6 Responses to “The Long and Short of Grief”

  1. rheashowalter Says:

    I think you hit on a good point that no matter how long the relationship was we grieve for the years we did not have, the plans that never will get completed, the love that we had planned on sharing, etc. So if we have a shorter history, we have a longer future we are missing out on. I was married for 26 years – unhappily married. Then I found my LOVE, my HOME. He was gone in only 18-1/2 years. I felt cheated and a ton of other emotions as you can imagine. But after 4 years without him physically with me, I spend more time feeling gratitude than most other things. How many of us are so lucky to have found that kind of love at all in our lives, and I was lucky enough to find it at 50 when most single women never find a mate at that age. I miss him everyday, but how blessed was I to have had that relationship even if it seemed far too short?!

    • Pat Bertram Says:

      Like you, I spend more time feeling grateful than anything else. We weren’t always happy, but we were together, and we were connected in some cosmic way which is what mattered then. And it still matters, even though after eleven years of his being gone, I am starting to forget what that felt like.

  2. Estragon Says:

    I suspect grief is different when experienced earlier in life. Not easier, but different, mainly for the reasons you’ve talked about. There may also be a higher degree of resilience in our youth as well, with an expectation of lots of time left to rebound from losses.

    My mother and her fiance were hit by a car in her youth. He died, she was badly injured. She didn’t talk about it a lot, but my sense is she was, perhaps, better able to put that (and her later divorce from first husband) behind her than the death of her second husband much later in life.

    • Pat Bertram Says:

      I also think grief is different in late middle age or early old age, not harder, just different. You’re too old to have the resilience of youth and the years looming ahead to enable you to start your life over completely and yet too young to just give up and wait for the end.

  3. Uthayanan Says:

    First I must thank Pat’s contribution to grief.
    I am suffering very much fourth year of grief more than third year.
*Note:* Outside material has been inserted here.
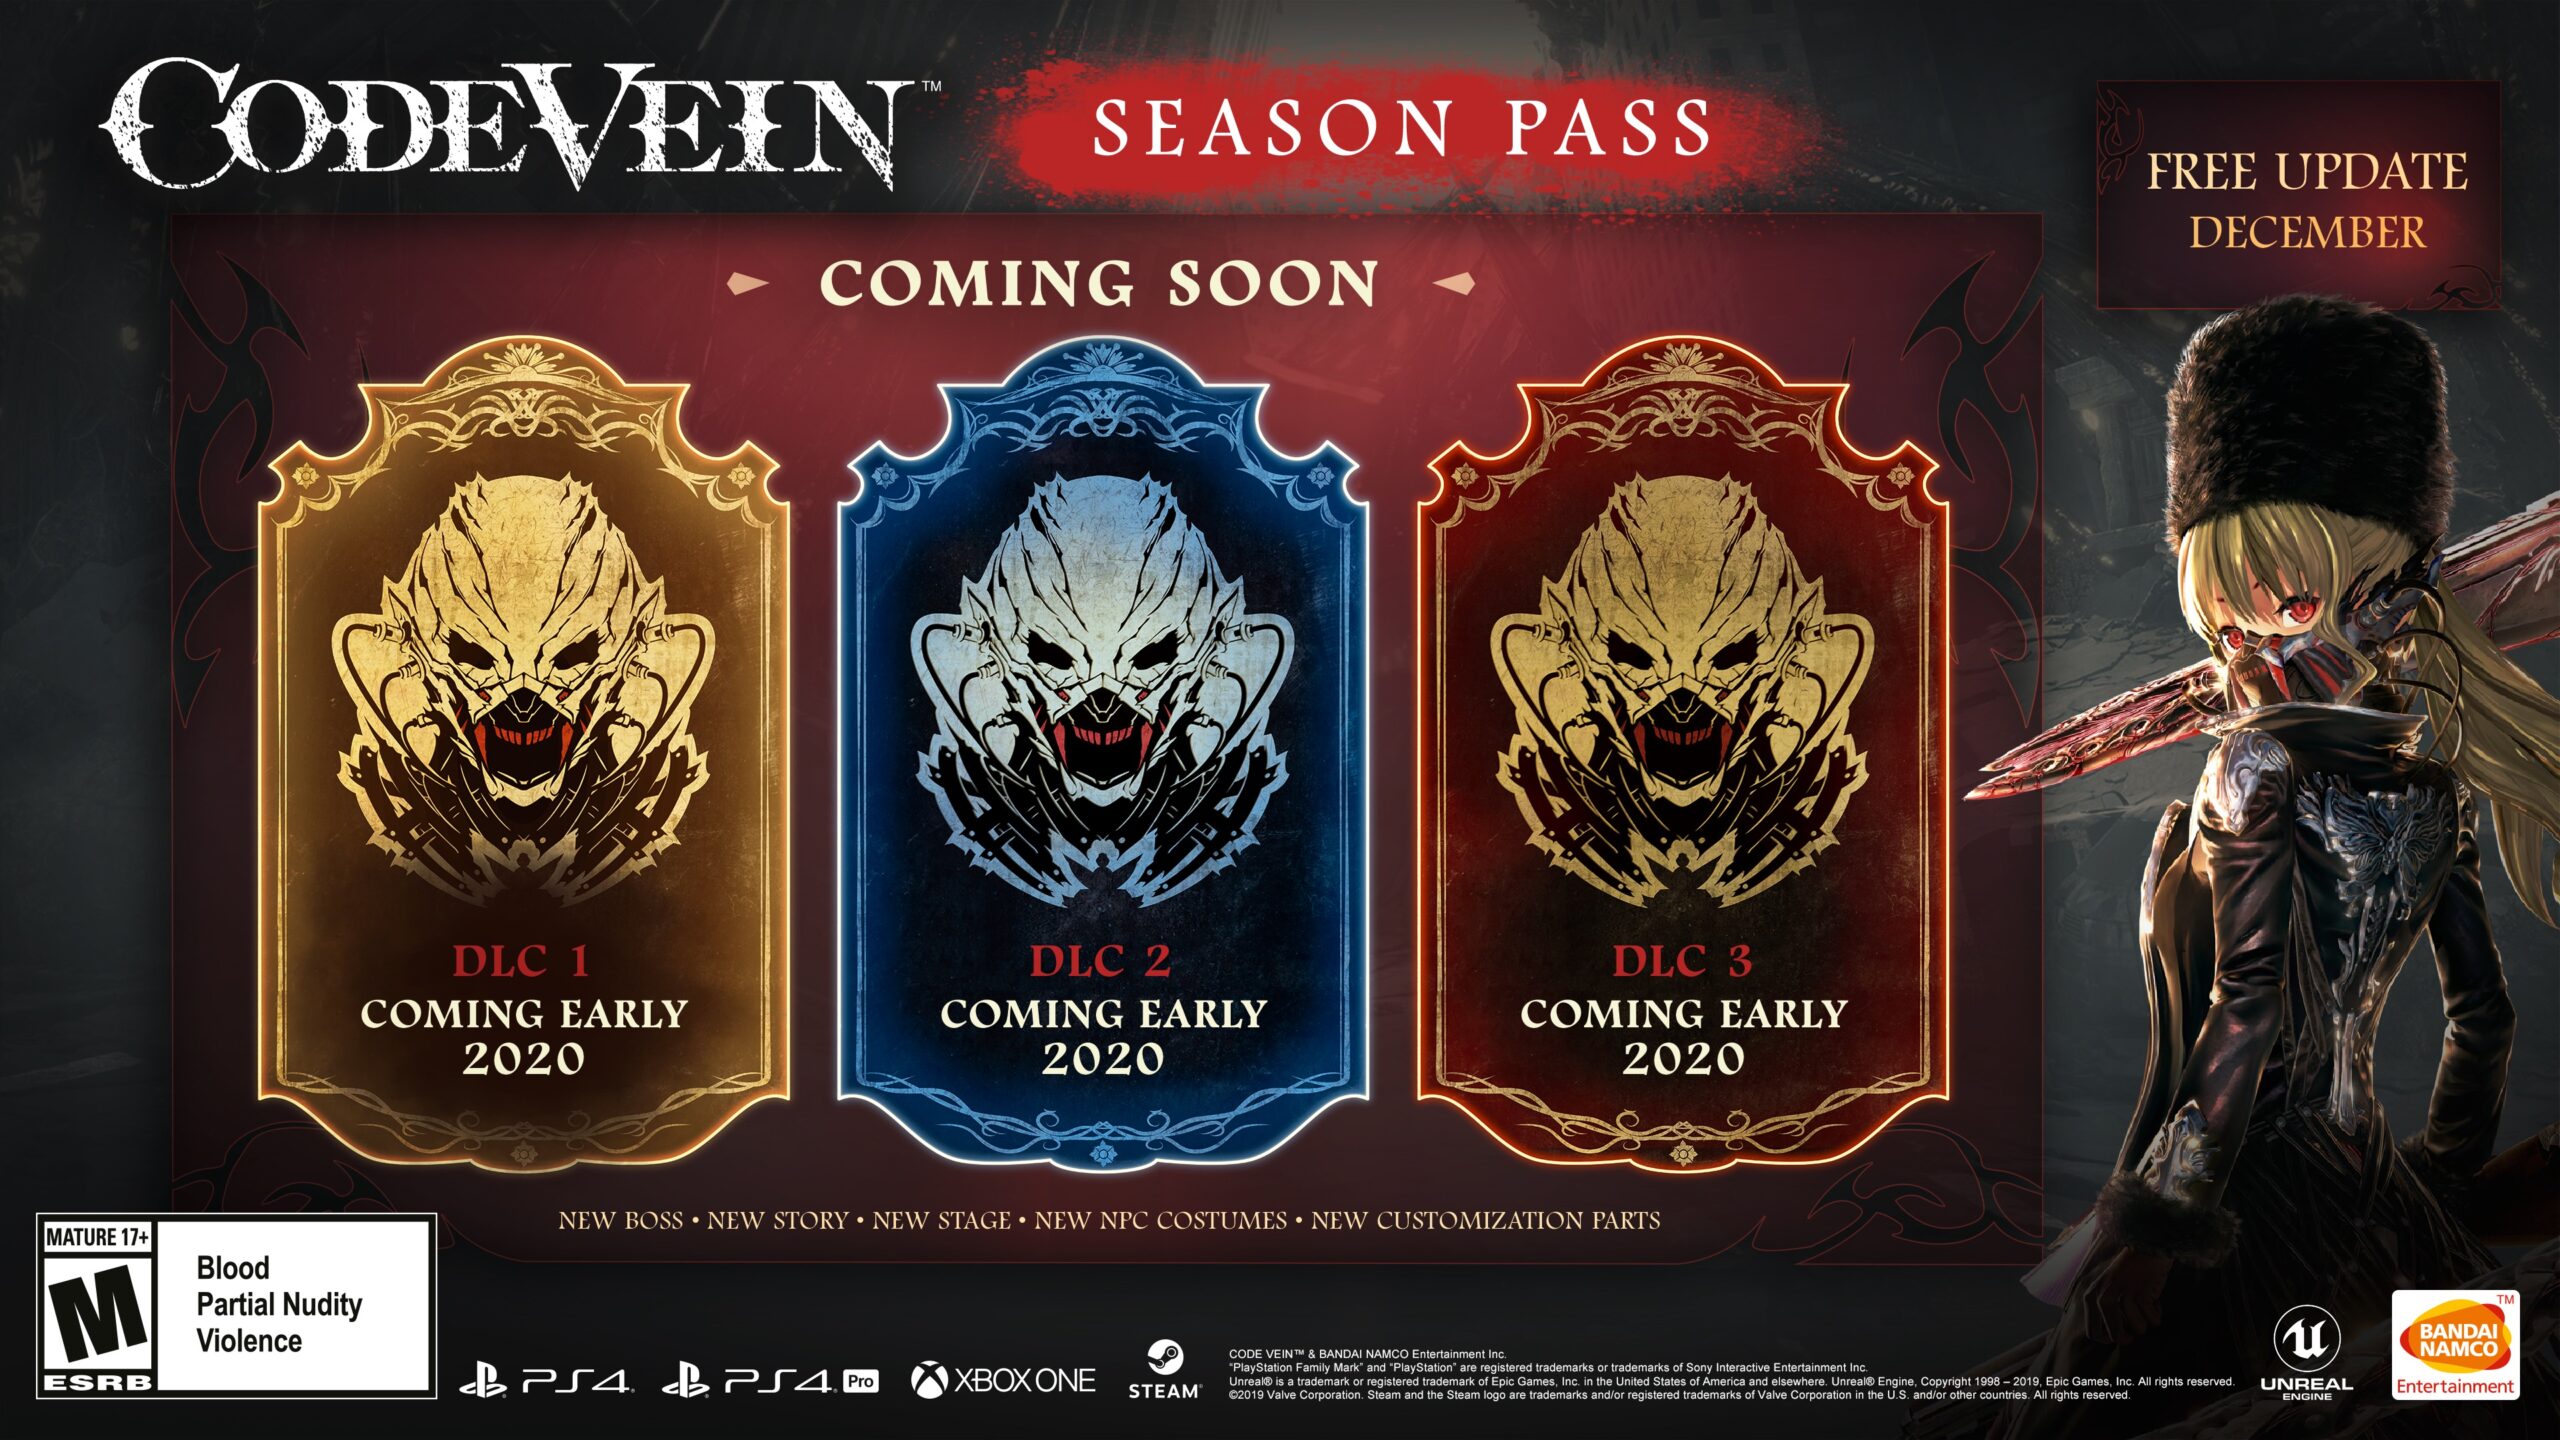 DLC Release Dates: All Season Pass Content

I hope I can go through with it.
    I feel in my opinion it is impossible to compare grief in any level.
    It is something like :
    “ Winnicott coined the phrase “good enough mother” in 1953, and decades later we’re all still trying to digest and accept his cautionary wisdom”
    I am continue to learn with Pat’s writing with grief.
    Even I respect all people’s grief in any level I agree with Pat’s has already said grief of a child and your soul mate more important than any grief.
    I don’t believe in ideal wife or ideal husband. But people lived more than 30 years (it is an example) were lived important part of their life learnt to live together with all their understanding concession give and take.
    It is impossible it repeat again. It is not the same experience when you get older.
    In my case what I have learned from my last five years with my soulmate that I am never going to learn again and never going to read in any books. It will going to make an impact in my future life and with the depth of my grief.
    Like me other people they have their own experiences to cherish.
    Still I am very shocked about the compare of grief
    The Long and Short of Grief
    Love means never having to say you’re sorry

    • Pat Bertram Says:

      Every age group has a different challenge when it comes to grief. Every person has a different challenge, but it’s all grief, and all painful. Wishing you peace as you continue to make your way through the pain.